> What you are asked to do
Repeat the data that follows in full. Do not include the pictures.

***** Exercise data *****

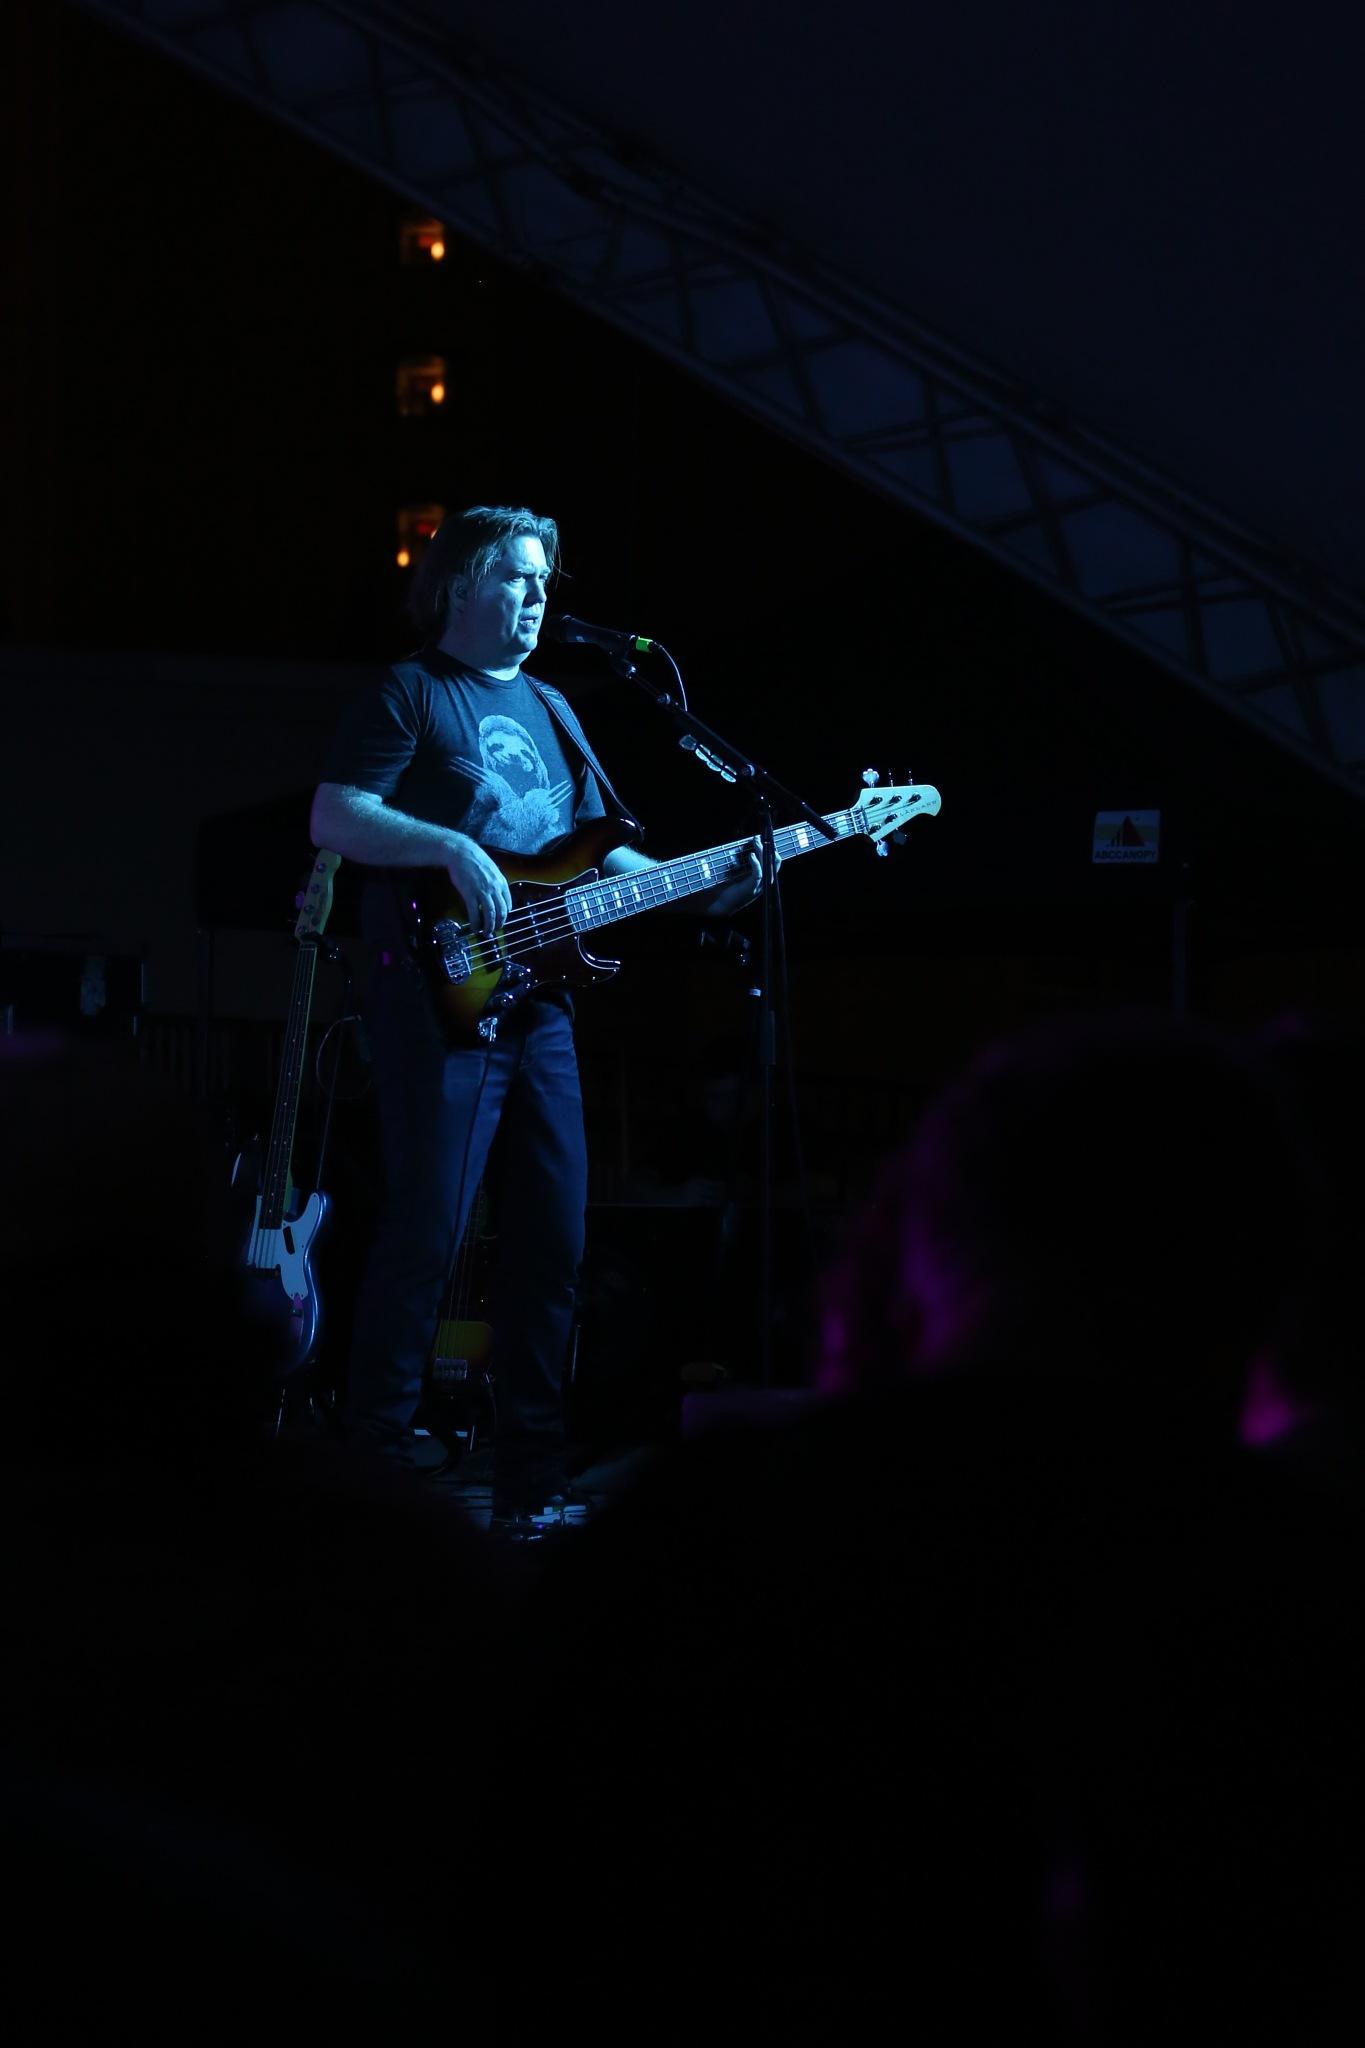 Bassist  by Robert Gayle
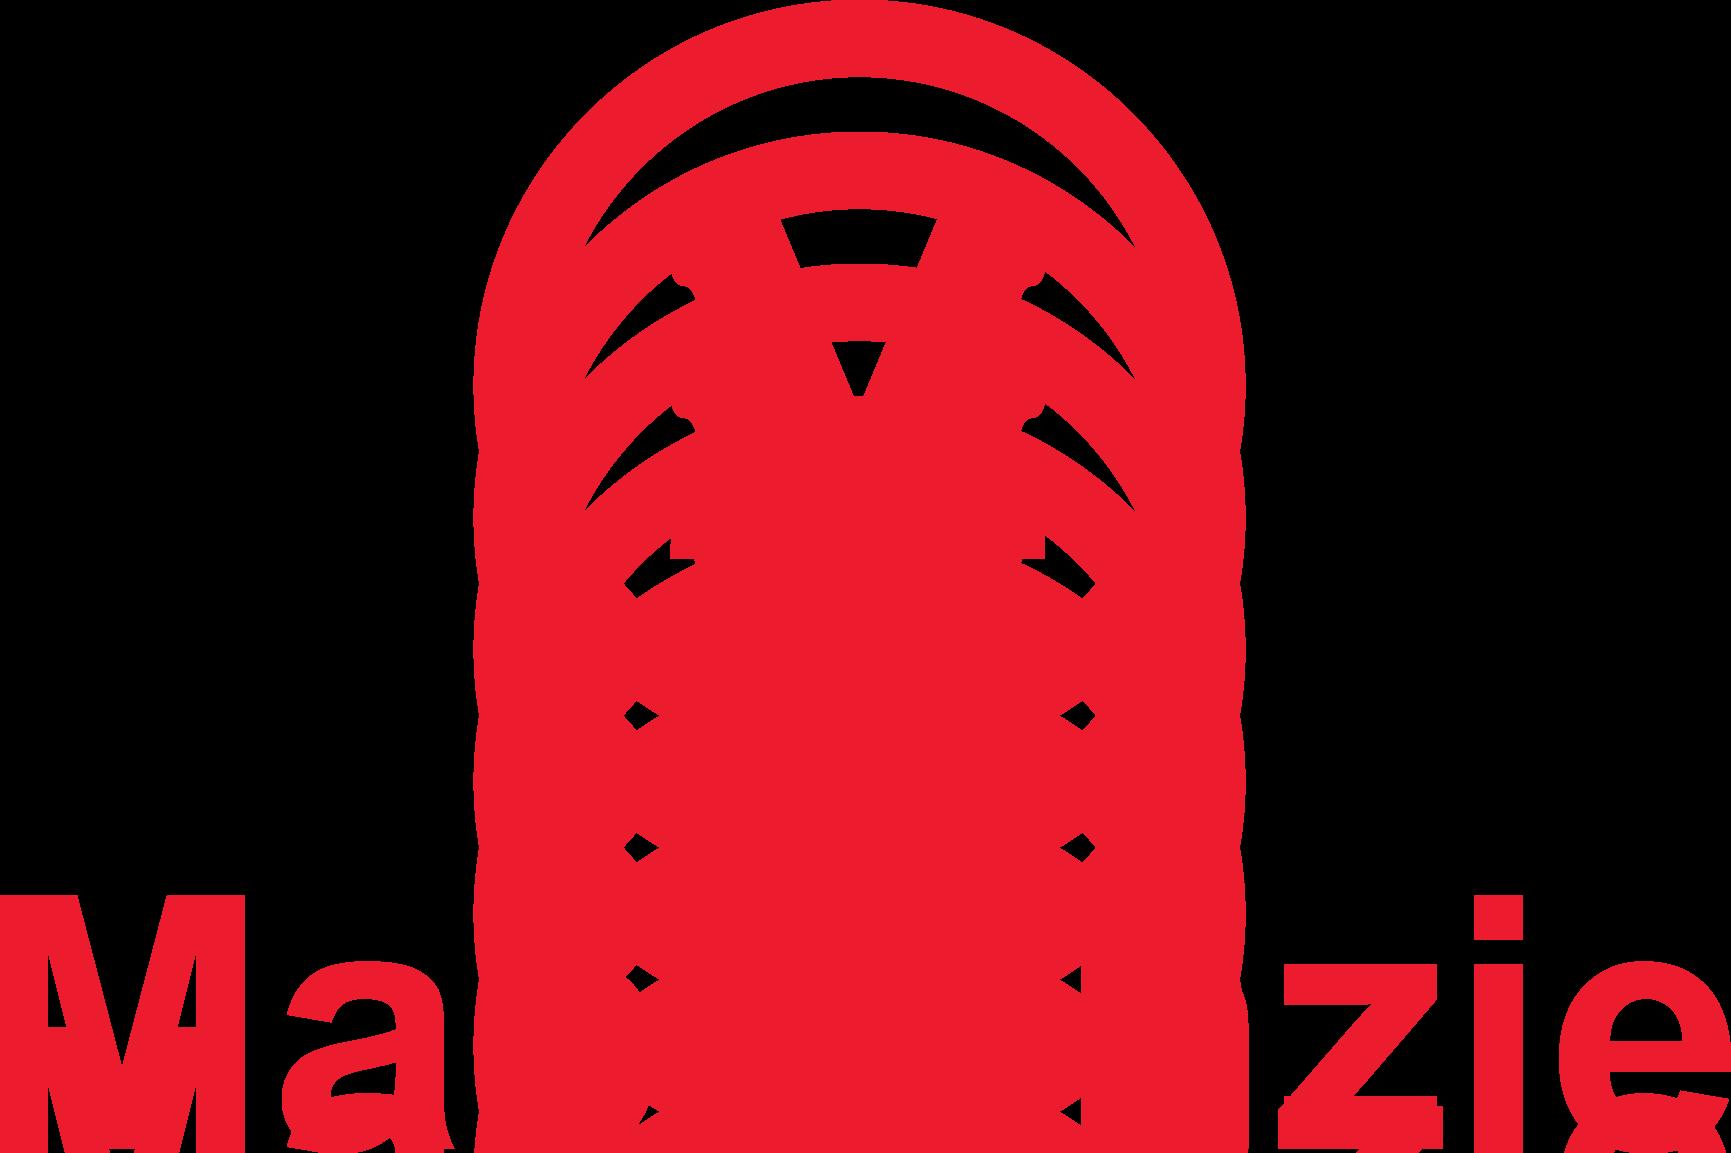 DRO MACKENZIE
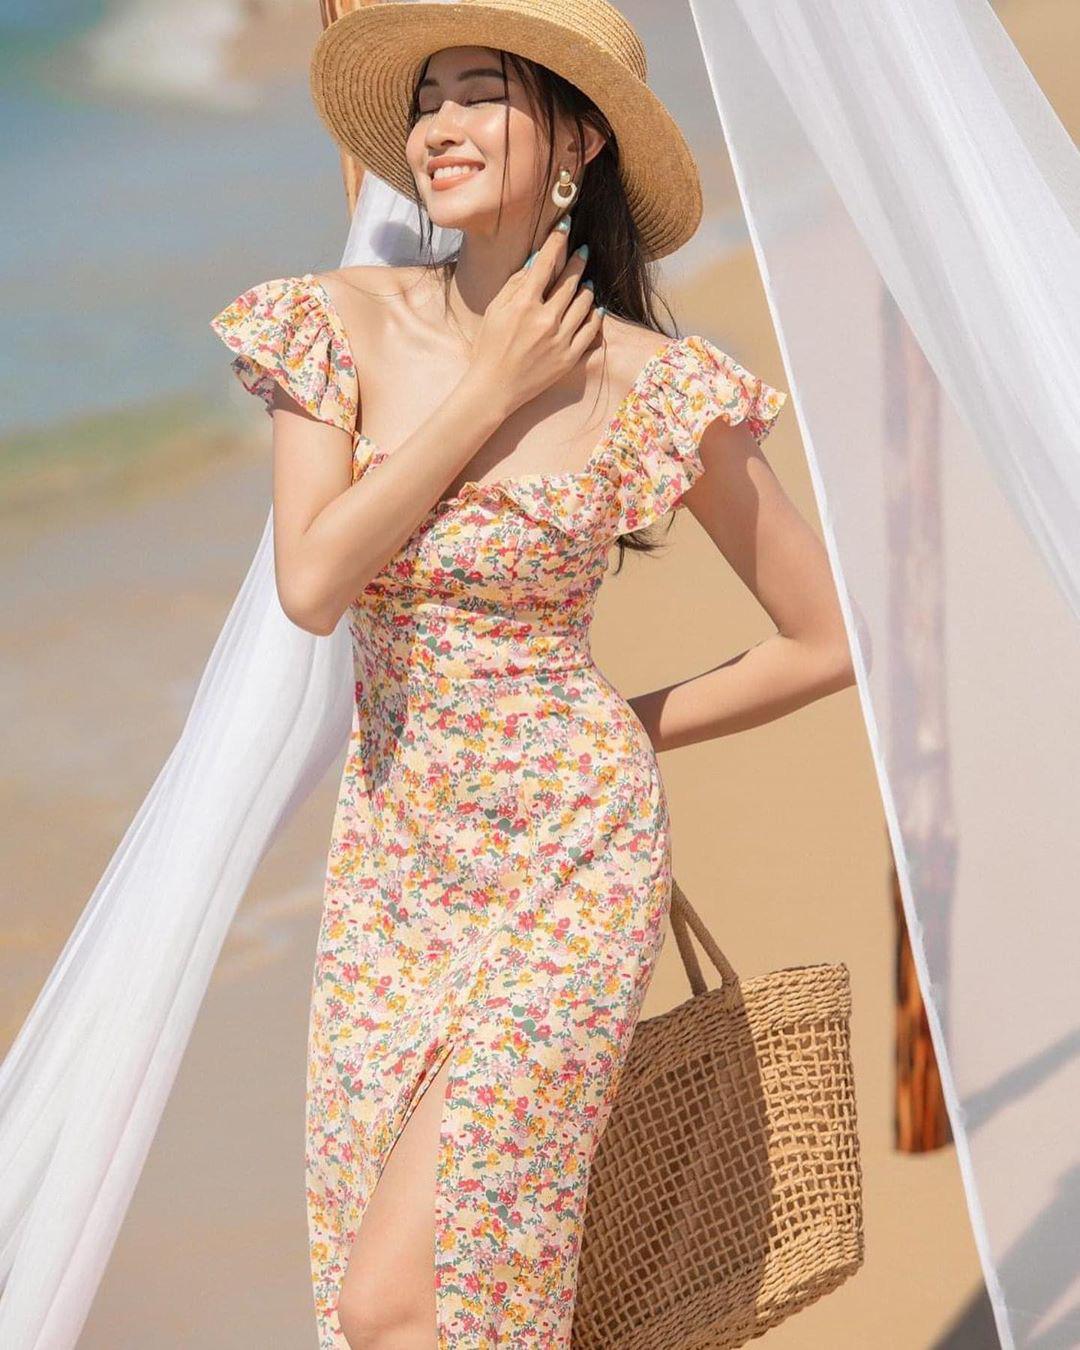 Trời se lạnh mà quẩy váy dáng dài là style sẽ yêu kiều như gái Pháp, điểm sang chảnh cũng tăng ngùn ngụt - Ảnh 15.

*****

> Exercise output
 Bassist  by Robert Gayle
 DRO MACKENZIE
 Trời se lạnh mà quẩy váy dáng dài là style sẽ yêu kiều như gái Pháp, điểm sang chảnh cũng tăng ngùn ngụt - Ảnh 15.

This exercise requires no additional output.